Sure, it's defense in depth, but the gains in security is so marginal.

>Of course you may also do this for privacy reasons as well

Sure, I'd buy that aspect, but catchall domains or dot/plus tricks aren't going to cut it because they're relatively easy to deanonimize. Not to mention all the data you leak on those platforms just by using them (location references, friend lists, interests, etc.)

So are you saying that all recommendations regarding non disclosure of usernames are useless?

Because an email address is essentially an username.

> If you have your own domain you can use a catch all/wildcard address, eg. @mydomain.com

I've done this before. You will get a shitload of spam. I recommend suffixing the user of all addresses with something you want to go to your inbox.

E.g. I use *.r@mydomain.com (r for "real"). Anything that doesn't end in .r@mydomain.com never hits my main inbox.

Been using a wildcard for one of my email domains for years (facebook@..., linkedin@... etc) and never once have I had issues with spam. Everything for services I dont care about goes through SpamAssassin on the mail server and items that pass get dumped to Gmail, where only "ham" messages will get forwarded through to my real inbox.

I think they were using their catch-all for non-transactional/newsletter emails. I have a catch-all for websites and then another that I give to people to email me on. This lets me see emails sent to me by a person easily while having separate email addresses for each site.

Do you have catchall directly on the second level domain (@mydomain.com) or do you only catchall a specific subdomain (@mail.mydomain.com)? I'd expect a very big difference in the volume of blue sky spam between those two. If GP sbov has the catchall directly on mydomain.com, then restricting the value space to *.r will make a meaningful difference.

Having the "validating substring" in front of the @ will actually make it easier when you have to use the email address in vocal communication: many humans are unaccustomed to encountering more than one dot after the at.

Yep, directly on the second level domain. I do not use a mail subdomain.

> I recommend suffixing the user of all addresses with something you want to go to your inbox.

I use a subdomain. *@abc.example.com goes to my CatchAll folder. usernames@example.com go to their respective users. There are no equivalent names between @abc.example.com and @example.com so if anyone gets cute[0] and tries stripping out subdomains, the messages are rejected. Also, subdomains are common enough that no one thinks anything of it.

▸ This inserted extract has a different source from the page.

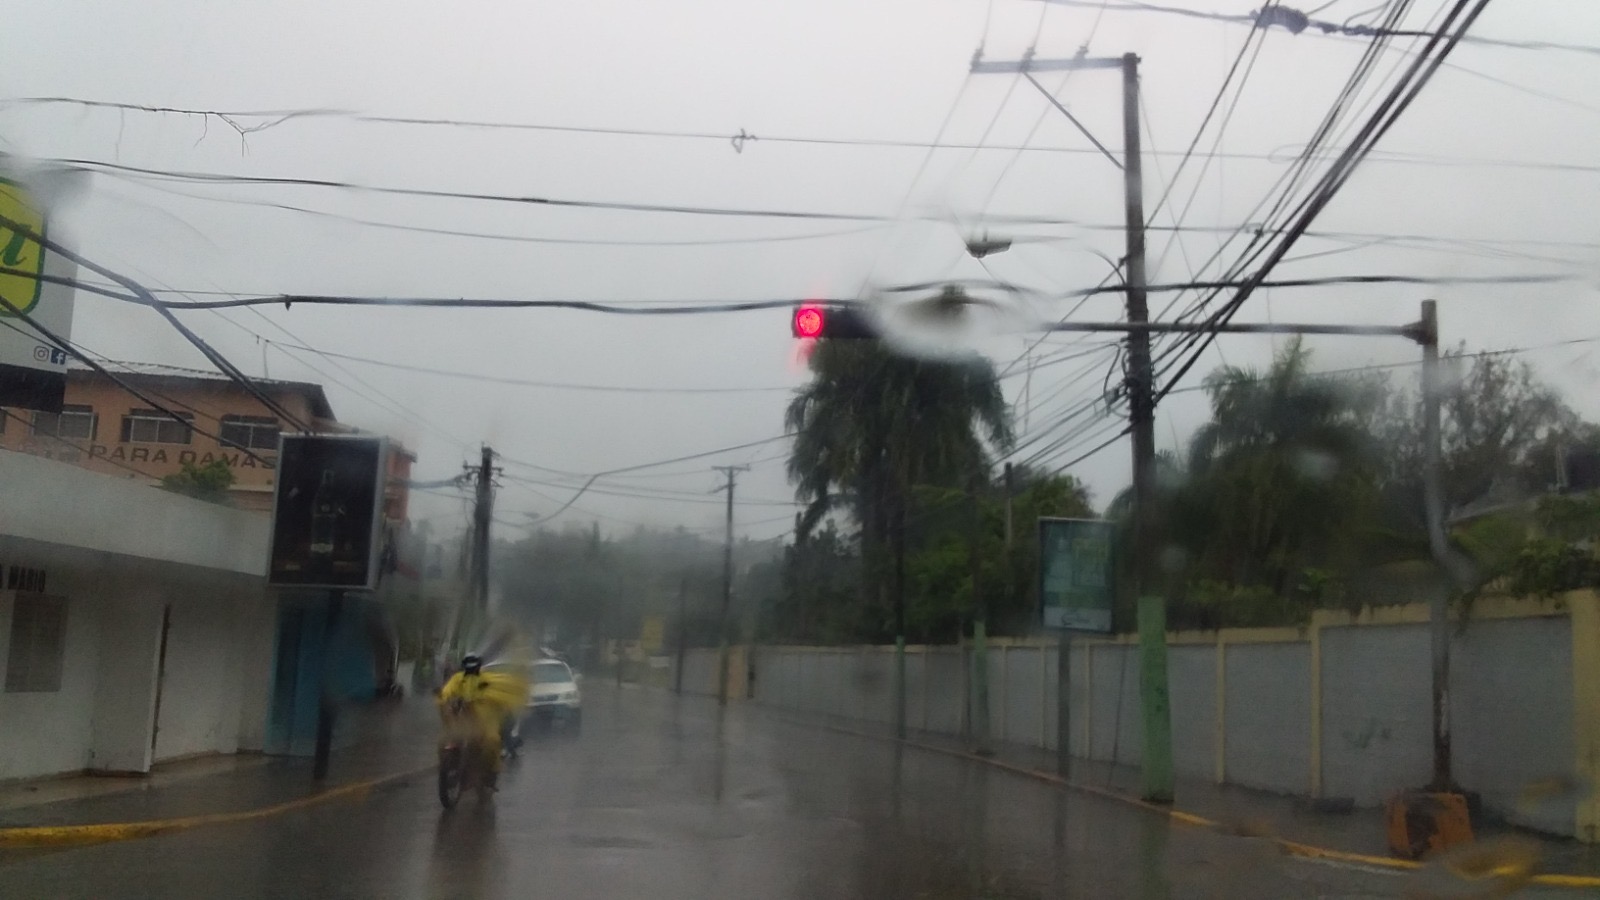     Meteorología pronostica lluvias pasajeras en Puerto Plata durante el fin de semana

As a nice bonus, the subdomain can also be directed elsewhere. I've aimed it at various "we automatically file your e-mail" type scripts and services before, just to try them out.

0 - Spammers absolutely try to get cute and drop the subdomain. For example, in the Dropbox leak, dropbox@abc.example.com and db@abc.example.com of mine were leaked. I see tons of spam attempts to dropbox@example.com and db@example.com daily.

Thats a good solution. For 15 years or so I just used the user.site@domain.com approach. But in the last 4 or 5 years, the spammers have gotten smarter and now are stripping off the site and just emailing user@domain.com.

Yours is a good solution.

Since we’re sharing anecdotes: I do this presently and get very little spam to random addresses. I’ve been on this scheme for about a decade now. All spam is to a specific address, which I’d given out.

I use a wildcard on my domain. Spam filtering is _really_ good these days. It truly is not a problem. I get tons of spam, and it's all filtered.

You don't use wildcard addresses for this, you use sub/plus-addresses. That way the spam problem is completely avoided and multiple users per domain will work normally.

I'd use something else not plus because gmail uses plus so spammers may be aware they can change the plus to anything


Isn't it elementary for a bad agent to scrub those? Your actual e-mail address (john@gmail.com) is too visible.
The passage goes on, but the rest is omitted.